— Мадам Бергер пустила корни на чужбине; о Чехословакии она даже не любит слушать. — Адвокат теребил свой маленький нос, похожий на шарик. — Моя супруга — реально мыслящее создание, сухарь, женщина без фантазии, — хозяин наполнил рюмки.
Профессор извлек из жилетного кармана коробочку, достал две таблетки и проглотил их, запив вермутом.
Хозяйка положила мясо на сковородку. Потом она приблизилась к профессору и растопырила перед ним пальцы с облупившимся красным лаком на ногтях.
— Взгляните на эти руки. Варю, стираю, мою полы… и продаю свои перстни. В Праге у нас было четыре комнаты и прислуга. Я бы лишилась рассудка, если бы жила одной надеждой на возвращение, ведь каждый год приносит все новые разочарования. Раз мы не решились вернуться сразу же после войны, то теперь это ненужная иллюзия.
Жир потрескивал на сковородке. Приятный запах мяса постепенно заглушал вонь сероводорода.

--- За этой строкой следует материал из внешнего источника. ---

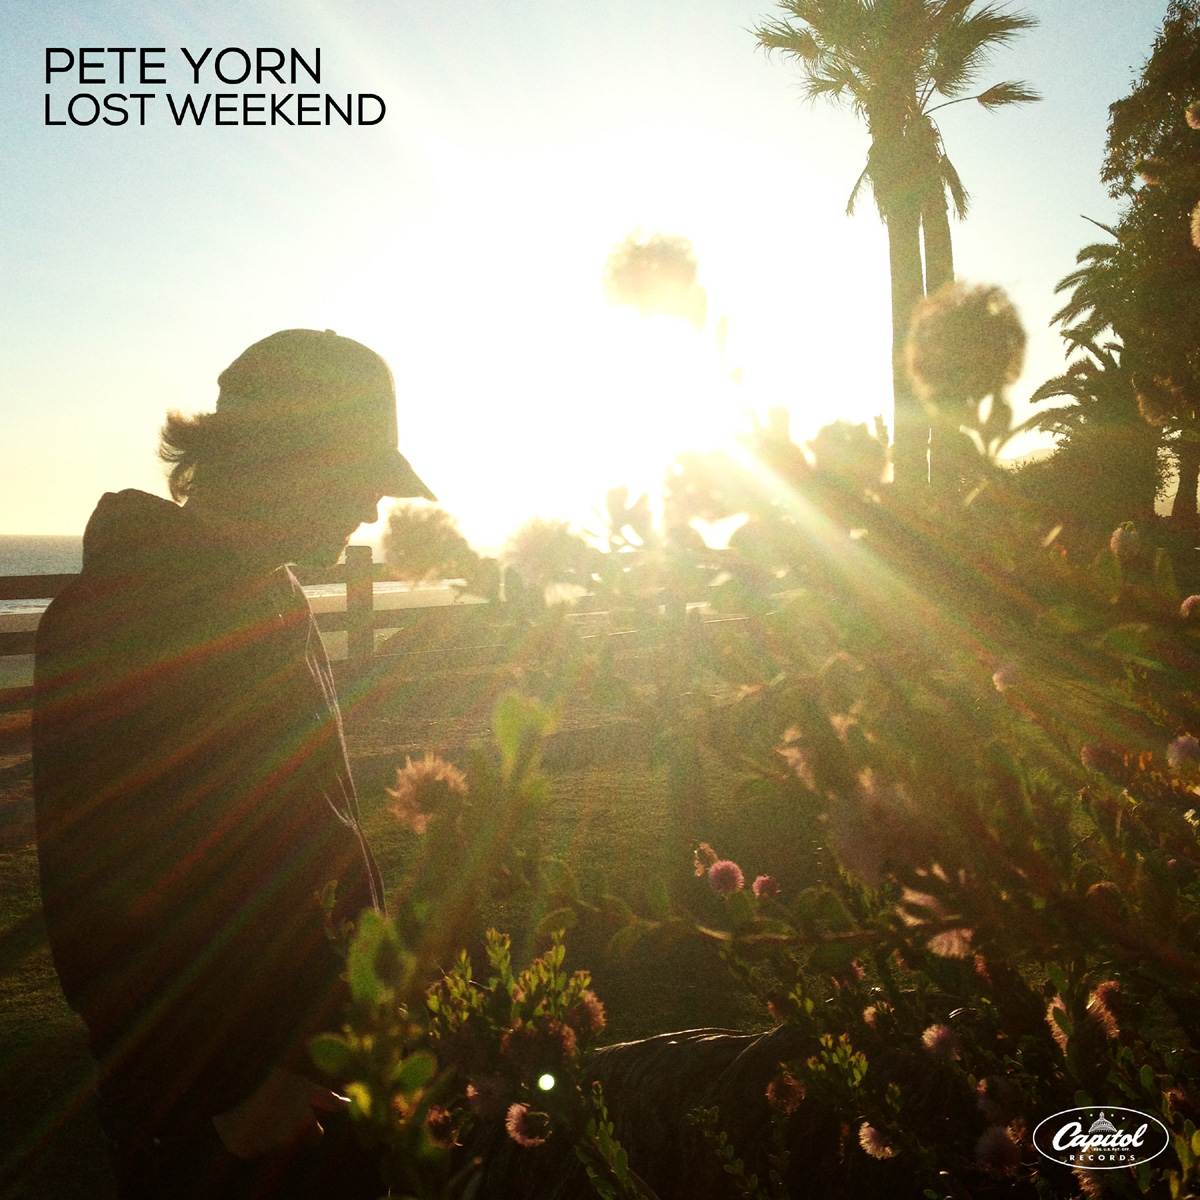 VitaminB: Pete Yorn - Lost Weekend

— Да, я действительно не фантазерка, — госпожа Бергер нарезала лук на дощечке. — Думаю, что в прошлом году весной положение было в нашу пользу, но наши генералы упускали один шанс за другим. Прямо уму непостижимо! Февраль в Чехословакии переполнил через край чашу терпения Запада. Наши имели здесь все: популярность, материальную поддержку, неограниченную свободу публичных выступлений, агитации, но ничего не использовали, сидели сложа руки, как будто потеряли интерес ко всему. Слишком долго они лечили свои нервы после февральского шока. Потом они пришли в чувство, но начали не с того конца. У англичан в обычае то, что и оппозиция строго соблюдает правила «fair play» [142] Честной игры (англ.) .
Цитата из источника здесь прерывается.